Cashing out a 401(k) from a former employer is not a difficult task. In most cases, you contact the plan administrator for the appropriate paper work, fill it out, send it to the financial institution that manages the 401(k), and wait for the check to come in the mail or for the electronic transfer.
Handling a Previous 401(k)
You usually have a few options when it comes to handling a 401(k) from a former employer. These include leaving the 401(k) where it is, rolling it into a taxable or nontaxable Individual retirement account, transferring it to a 401(k) with your current employer and cashing it out. Of all your options, cashing out will cost you the most now and in the future. You will have to pay income taxes on the withdrawal along with a 10 percent early withdrawal penalty. You'll also lose the tax benefits offered by the 401(k) as a qualified retirement plan.

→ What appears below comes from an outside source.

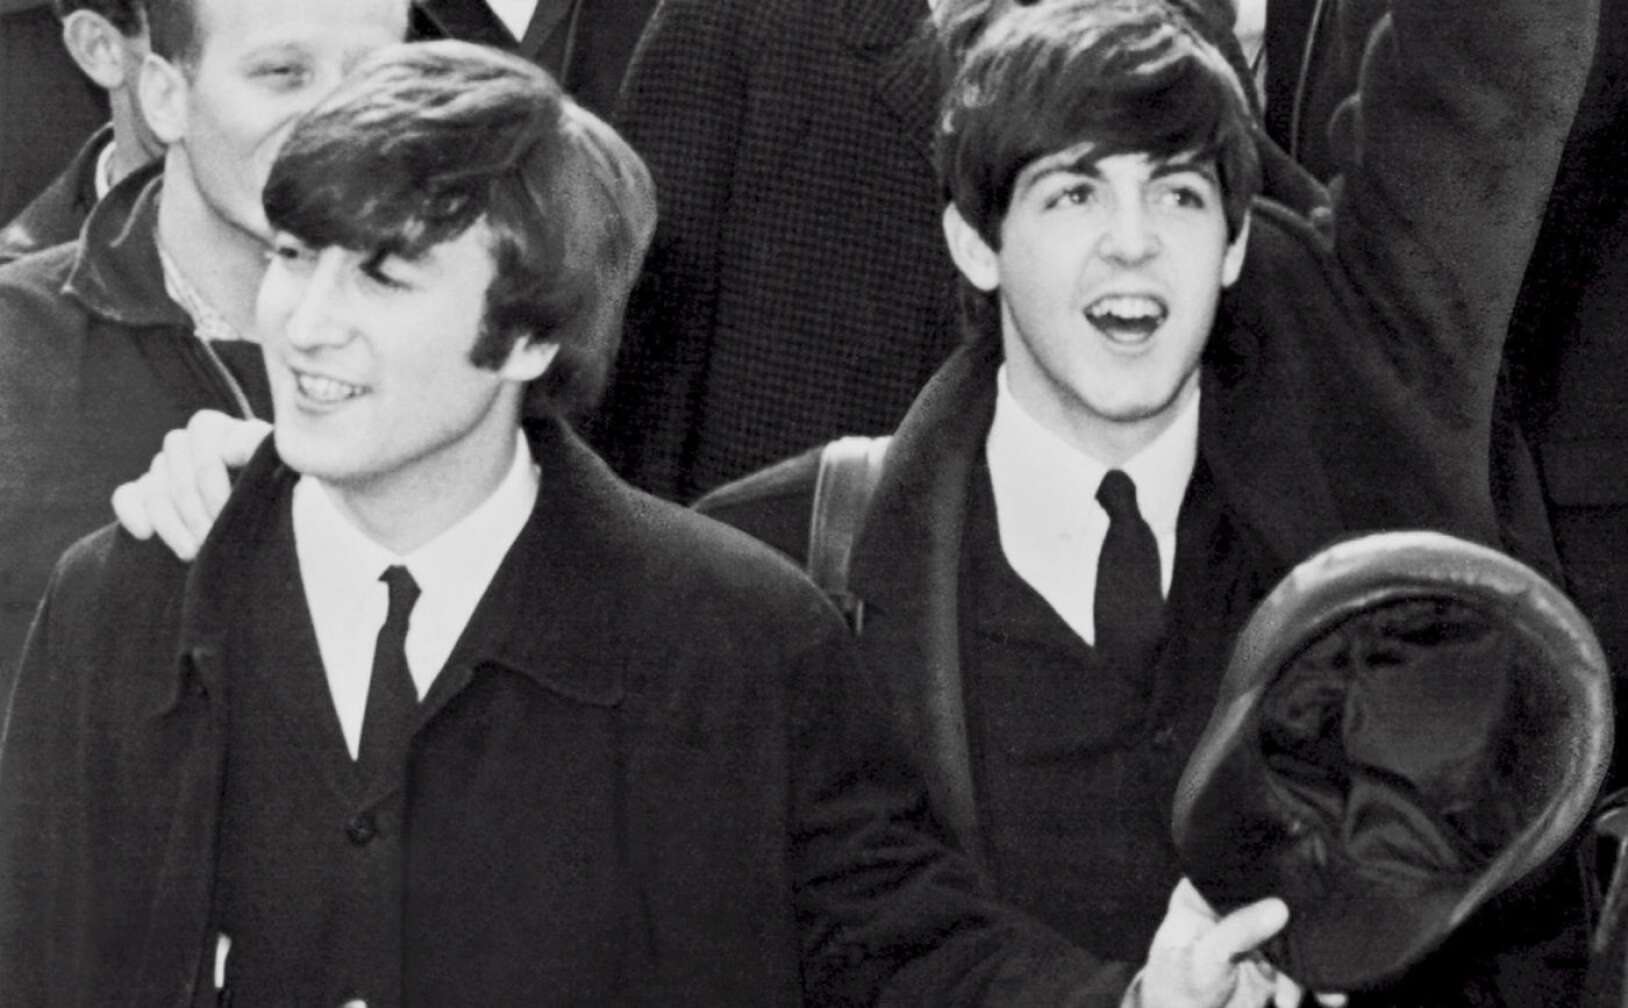 John Lennon und Paul McCartney

If you decide to do a lump-sum payout of your entire 401(k) balance, contact your plan administrator for the distribution procedures and paperwork. Most provide an 800 number to contact a distribution specialist to help you with the process. Keep in mind that the plan is required to withhold 20 percent of the distribution for taxes and you'll pay a 10 percent early withdrawal penalty when you file your taxes for the year. In other words, for every $1,000 you distribute, $200 is withheld for taxes and another $100 penalty is due when you file taxes.
Partial Cash Out
If you only need some of the cash in the account, you can withdraw that amount and leave the rest in the 401(k) or do a direct rollover to an IRA with the remaining funds. This allows you to avoid the tax withholding and early withdrawal penalty on the money you leave in the 401(k) or roll to an IRA. It also keeps that part of your savings growing tax deferred, meaning you pay no taxes until distributing the money during retirement.
Rolling Over Your 401(k)
If you roll over your 401(k), you can do it directly from your 401(k) plan to your new IRA account. This way no taxes are withheld. Set up an IRA with the financial institution of your choice, and its representative will help you contact the institution that manages your 401(k) plan to request a direct rollover. When you do the rollover, you can choose to have a percentage of the account distributed to you in the form of a check, but this part is subject to tax and penalties. You can also withdraw cash from your IRA after you roll over funds, but you'll pay taxes and the 10-percent penalty until you reach the age of 59 and six months.
You can use the 60-day rule to access short-term cash, but you'll have to get the cash back into your new IRA within 60 days of the withdrawal to avoid penalties and taxes. Instead of having the 401(k) plan send the funds directly to your new account, you can request a check and deposit the funds to the new IRA within the 60-day period. It is still considered a nontaxable rollover if the same amount you withdraw is deposited within the 60-day time frame. Otherwise, you pay ordinary income tax and the early withdrawal penalty on any cash not put in the IRA. You can only use the 60-day rule one time per year.